La primera, en Navidades de 2021. Iba conduciendo de Sevilla a Punta Umbría, y a la altura del puente gigante de Huelva que da a la ría, el coche que iba delante mío directamente pegó un bote, saltó como Sandro jugando con la Real Sociedad.
Cuando lo vi, frené, pero no vi nada en la carretera, hasta que mi coche también botó. Juro que pensaba que del bote, me salía del puente y caía a la ría, lo que era muerte segura.
Resulta que alguien había colocado una pedazo de piedra de cemento gigante, que llegaba a la altura del faro del coche prácticamente.
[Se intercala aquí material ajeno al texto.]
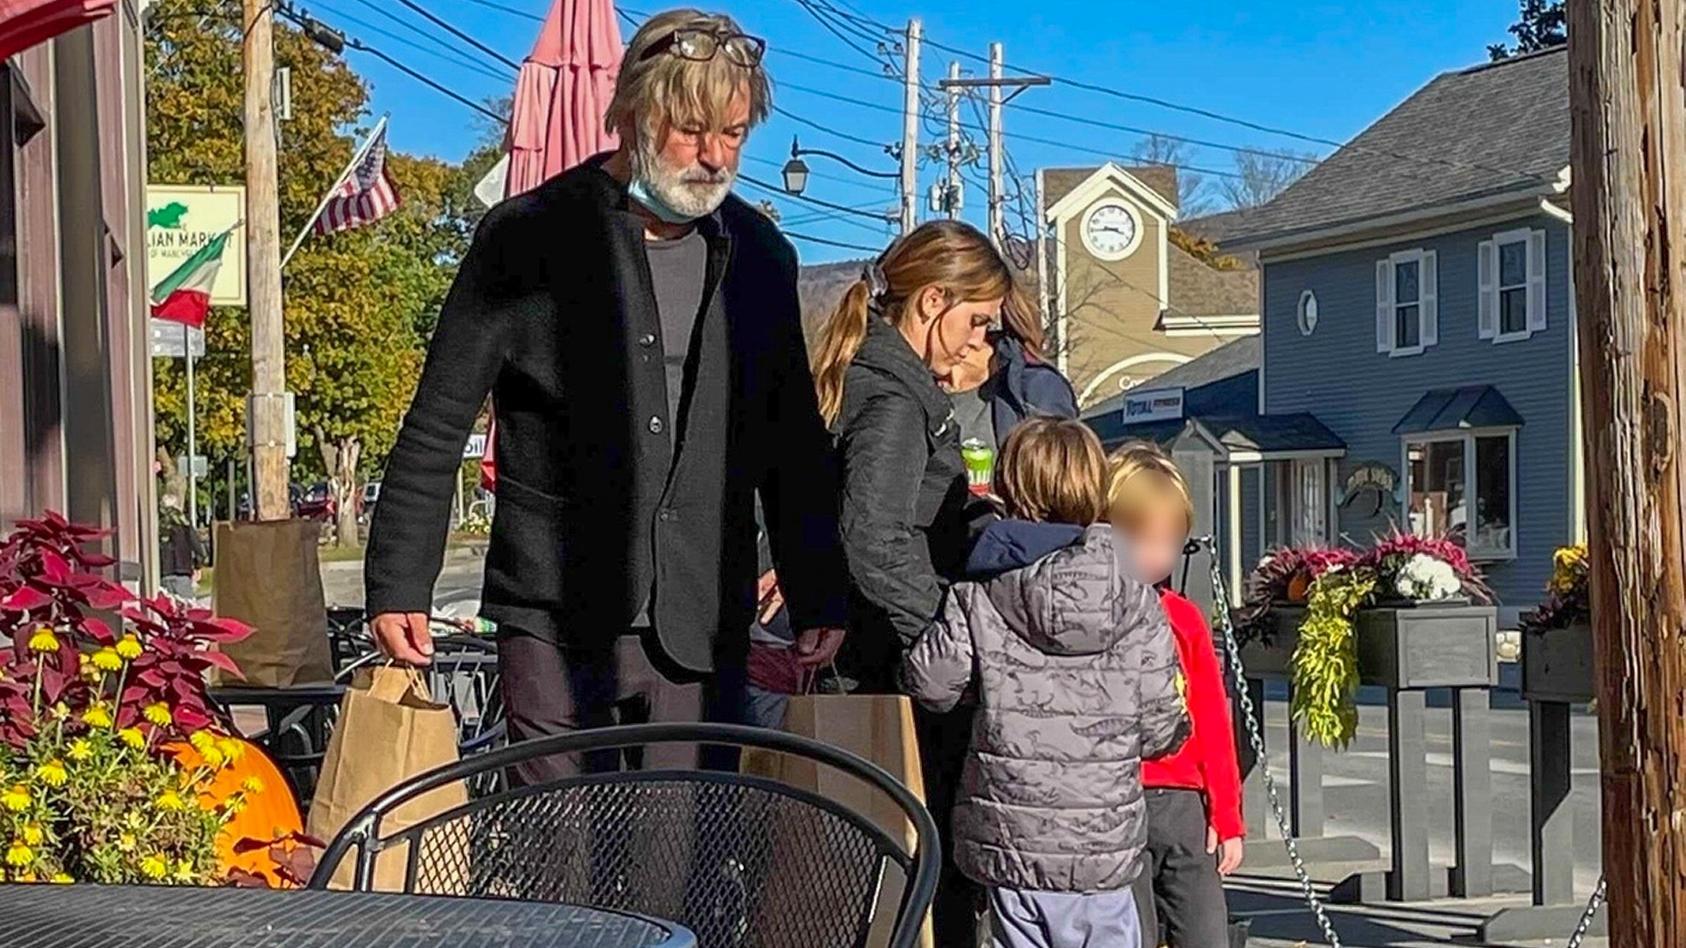 Neues Bild aufgetaucht - Nach Todesschuss: Alec Baldwins Familie gibt ihm Halt

Se me reventó la rueda también lo que me hizo perder el control del coche. Vamos un susto de muerte.
La otra experiencia fue si cabe más terrorífica y sobretodo mucho más asquerosa.
Era finales de febrero, y cogía un vuelo Sevilla - Charleroi. Yo cojo como unos 24-30 vuelos al año, o sea que volar no me da miedo en absoluto, pero esto fue diferente.
Al llegar a Bélgica e intentar aterrizar, nos dimos cuenta de que había un tormentón enorme con ráfagas de viento de casi 130 km/h. Aterrizar era imposible.
Cada vez que el avión descendía para aterrizar, el mismo viento levantaba el avión súbitamente y lo ponía casi en perpendicular al suelo, perdiéndose cada vez el control del avión por uno o dos segundos. El piloto ahí decidía subir, porque había riesgo realmente de estrellarnos. Esto nos pasó como 5 o 6 veces. Llego el punto de que hasta escribí por WhatsApp a mi hermano para casi despedirme de él.
Podéis imaginaros la gente: todos gritando, en pánico, y sobretodo, muchísima gente vomitando por todo el avión. A Dios gracias que no había cenado aún.
Mención especial para ese chaval que estaba tres o cuatro filas delante mía al que, en una de estas bajadas y subidas estratosféricas, una chica empezó a potarlo entero: de arriba a abajo. Todo. Y el pobre desgraciado dándole al botoncito de llamar a la azafata, como si la azafata fuese a ir a ayudarle en algo con la que nos estaba cayendo a todos.
El olor era realmente nauseabundo dentro del avión, no se podía parar allí. Me da muchísimo asco el ver a la gente vomitar, y ese día pudieron vomitar 40 o 50 personas cerca mía.
Al final, el piloto decidió ir a Lille y aterrizar allí porque las condiciones climatológicas eran mucho más favorables. Pero vaya susto.